Elon Musk's xAI made waves last week with the discharge of its chatbot Grok-2 (Large Language Model, LLM) – available via a monthly subscription for $8 on the social network X.
Now, each versions of Grok-2—Grok-2 and Grok-2 mini, the latter of which is alleged to be less powerful but faster—have increased the speed with which they’ll analyze information and output answers after two developers at xAI completely rewrote the inference code stack over the past three days.
As xAI Developer Igor Babushkin posted this afternoon on the social network X under his name @ibab:
“Grok 2 mini is now twice as fast because it was yesterday. Over the last three days, @lm_zheng and @MalekiSaeed have been rewriting our inference stack from scratch, with SGLong. This also allowed us to deploy the big Grok 2 model, which requires multi-host inference, at an affordable speed. Both models not only became faster, but additionally barely more accurate. Stay tuned for further speed improvements!”
According to Babushkin’s post, the 2 developers responsible are Lianmin Zheng and Saeed Maleki.
To rewrite the conclusion for Grok-2, they relied on SGLongan open source system (under Apache 2.0 license), a highly efficient system for executing complex language model programs, achieving as much as 6.4 times higher throughput than existing systems.
SGLang was developed by Researchers from Stanford University, the University of California, Berkeley, Texas A&M University, and Shanghai Jiao Tong University and integrates a front-end language with a back-end runtime to simplify the programming of language model applications.
The system is flexible and supports many models, including Llama, Mistral, and LLaVA, and is compatible with open-weight and API-based models resembling OpenAI's GPT-4. SGLang's ability to optimize execution through automatic cache reuse and parallelism inside a single program makes it a strong tool for developers working with large-scale language models.
Performance highlights of Grok-2 and Grok-2-Mini
In addition, in the most recent update of the Third Party Lmsys Chatbot Arena Leaderboard When evaluating the performance of AI models, the essential game Grok-2 secured second place with a powerful Arena rating of 1293 (based on 6686 votes).
This puts Grok-2 (fittingly) in second place among the many world's strongest AI models, tied with Google's Gemini-1.5 Pro model and just behind the most recent version of OpenAI's ChatGPT-4o.
Grok-2-mini, which has also benefited from recent improvements, has climbed to fifth place with an Arena rating of 1268 out of 7266 votes, just behind GPT-4o mini and Claude 3.5 Sonnet.
Both models are proprietary to xAI and reflect the corporate's commitment to advancing AI technology.
Grok-2 has particularly excelled in math tasks, where it ranks first. The model also holds strong positions in several other categories, including hard prompts, coding, and instruction-following, where it consistently ranks in the highest positions.

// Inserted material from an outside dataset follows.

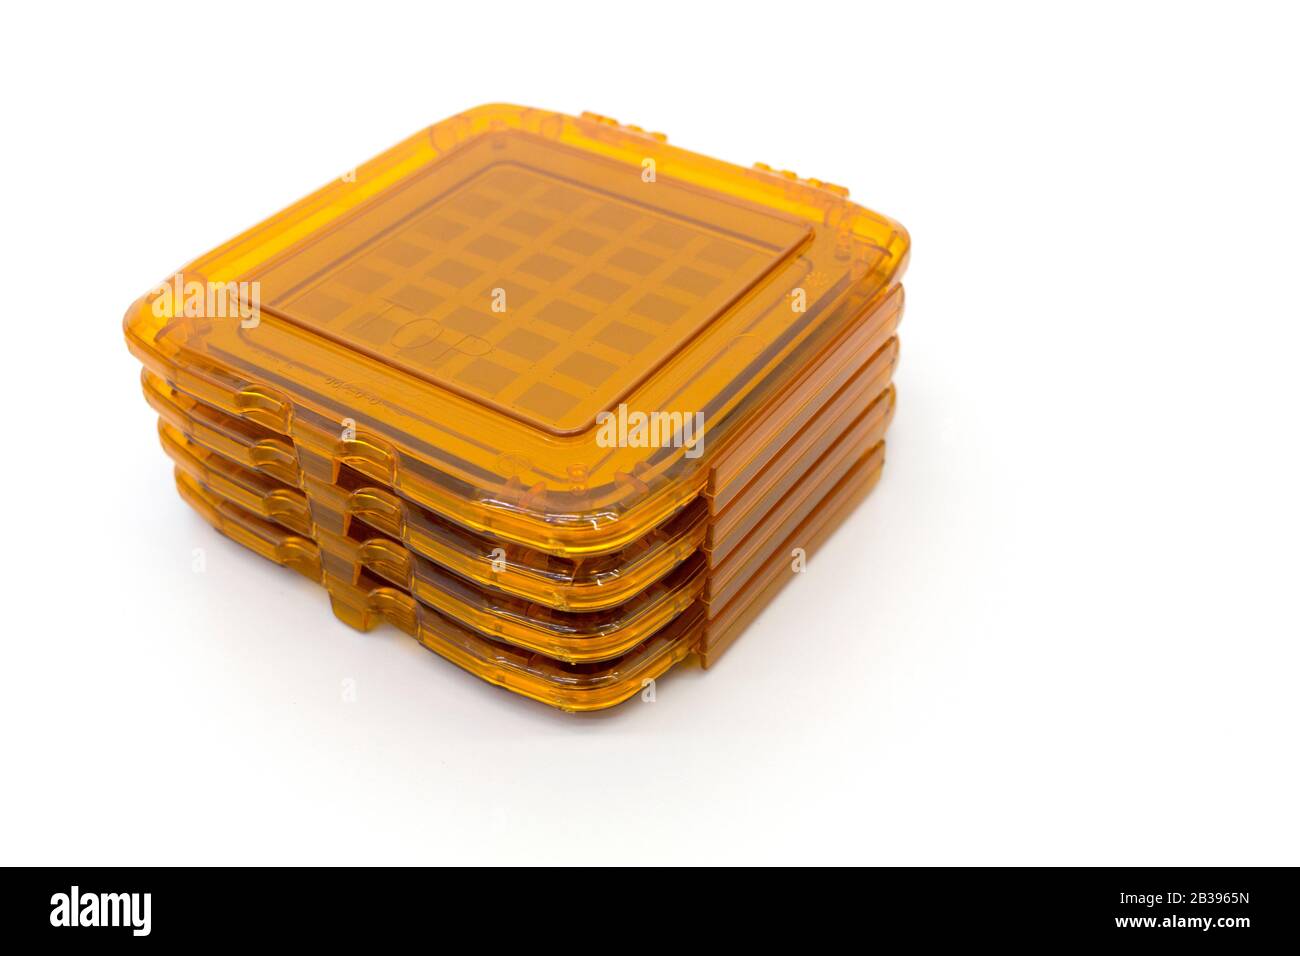 Foto von Fotomasken für die Fotolithografie Verfahren eine orange Boxen Stockfoto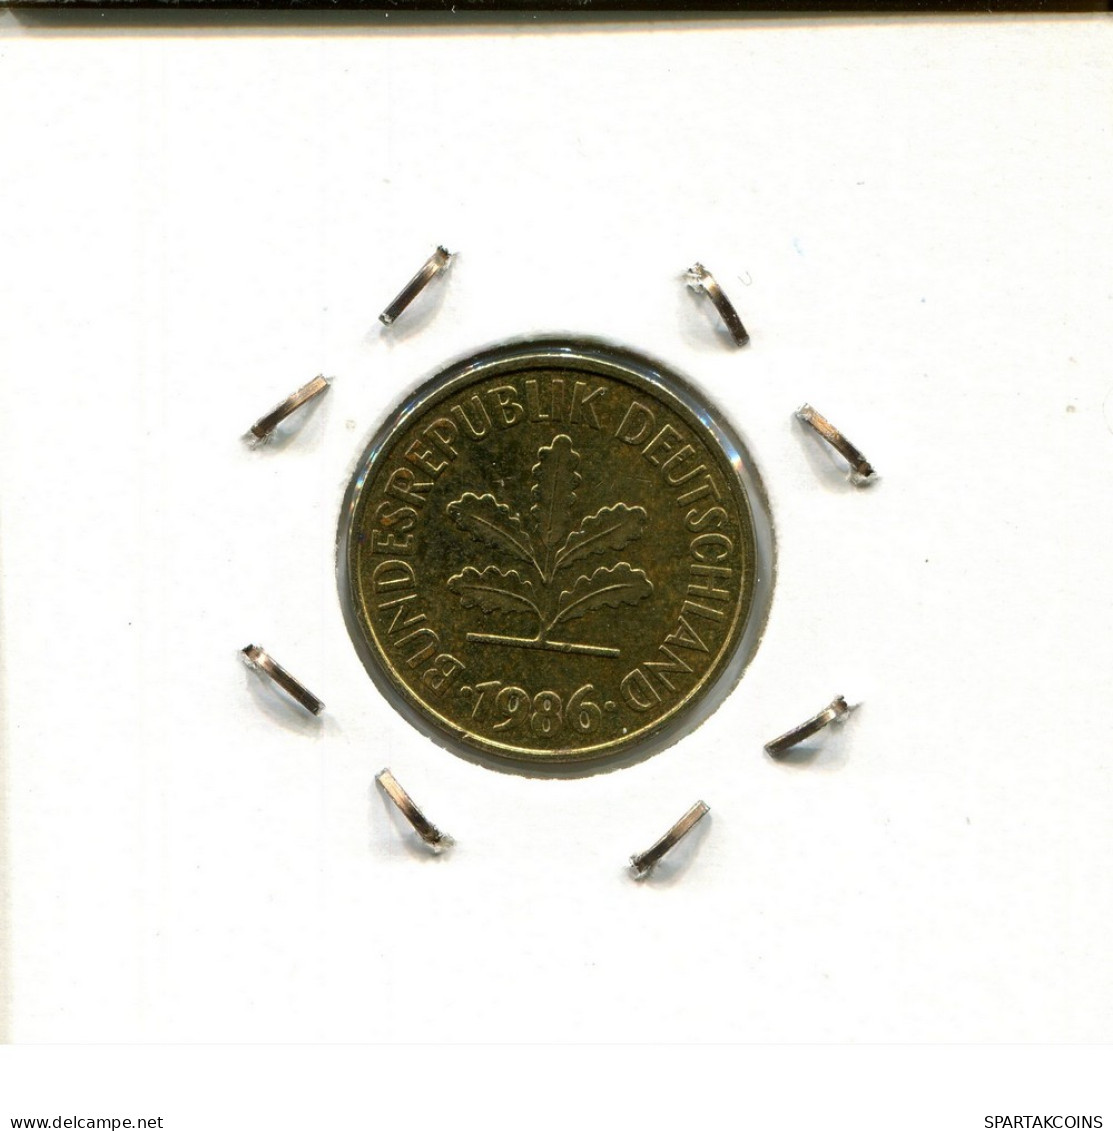 5 PFENNIG 1986 F BRD ALEMANIA Moneda GERMANY #DC442.E - 5 Pfennig

This performance puts Grok-2 ahead of other distinguished models resembling OpenAI's GPT-4o (May 2024), which is now ranked 4th.
Future developments
According to a solution by Babushkin to X, the essential advantage of using Grok-2-mini over the complete Grok-2 model is higher speed.
However, Babushkin promised that xAI would further improve Grok-2-mini's processing speed, which could make it a good more attractive option for users searching for high performance with less computational effort.
The inclusion of Grok-2 and Grok-2-mini within the Chatbot Arena leaderboard and their subsequent performance have attracted considerable attention inside the AI community.
The success of the models is a testament to xAI's continued innovation and commitment to pushing the boundaries of what will be achieved with AI.
As xAI continues to refine its models, further improvements in speed and accuracy are expected within the AI landscape, keeping Grok-2 and Grok-2-mini on the forefront of AI development.